Two weeks have passed since the beginning of Q3 earnings season, and many firms have reported numbers higher than expected. 20% of the S&P 500 companies have reported, and over a quarter of them have outperformed expectations. We’ll provide you with more details on earnings next week, as 37% of S&P 500 companies are expected to report this week.

These stronger-than-anticipated reports fueled the market bounce from last week. Still, another even more important factor fueled the rally – the hint of a slowdown in interest rate increases.

Yes, those are the words that we’ve all been waiting to hear. Christopher Waller, a Federal Reserve Official, said last week that the Federal Reserve members would discuss the rate of tightening at their next meeting. However, he wasn’t the first person to mention a slowdown. Numerous other officials have also expressed a wish to do so.

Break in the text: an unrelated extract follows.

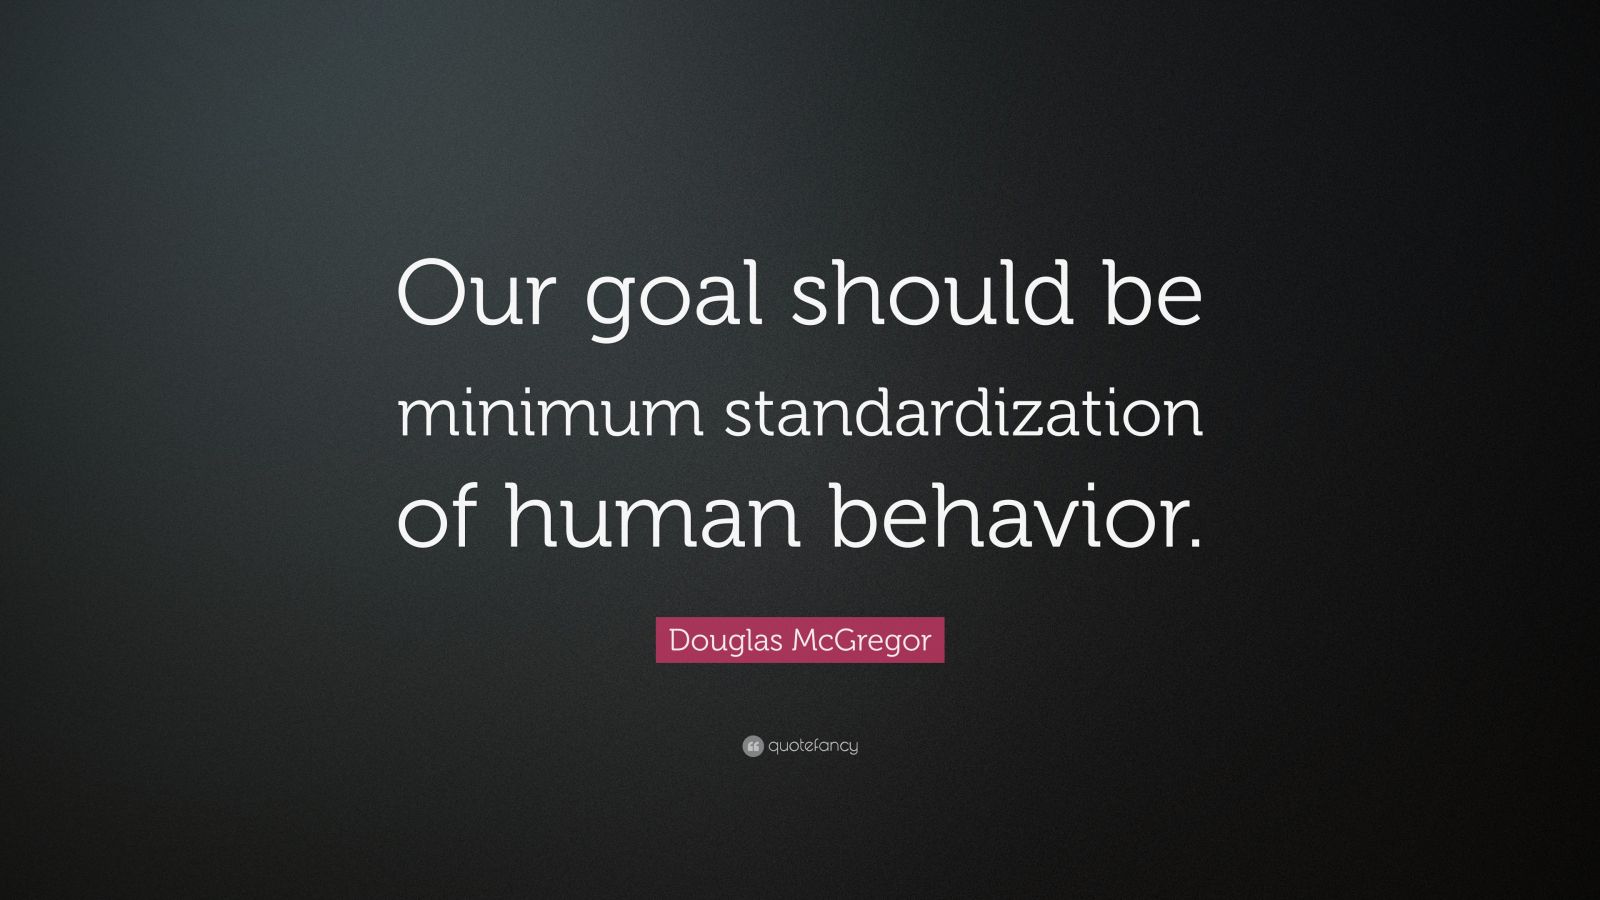 Douglas McGregor Quote: “Our goal should be minimum standardization of

The idea of slower quantitative tightening is currently being discussed because changes in interest rates take time to affect the economy (typically 6–12 months) and given the rate at which the Federal Reserve has been raising rates, the impacts are likely still not fully realized. Uncertainty lies around the effects that aggressive interest rate hikes would have on the economy; therefore, weighing a slowdown to see what occurs next might be preferable. The lesser of two evils considering continuing with rate hikes increases the probability of bringing the economy to a falter. These comments from Federal Reserve members would make sense since we might end up tightening too much and entering a slower-than-necessary economic decline.

Of course, there are many on the opposing side of this debate who believe that since inflation is expected to be more widespread and persistent, aggressive rate hikes are required. No one is certain, however, how much interest rates must rise in order to control inflation and produce the fantastical soft landing we all desire.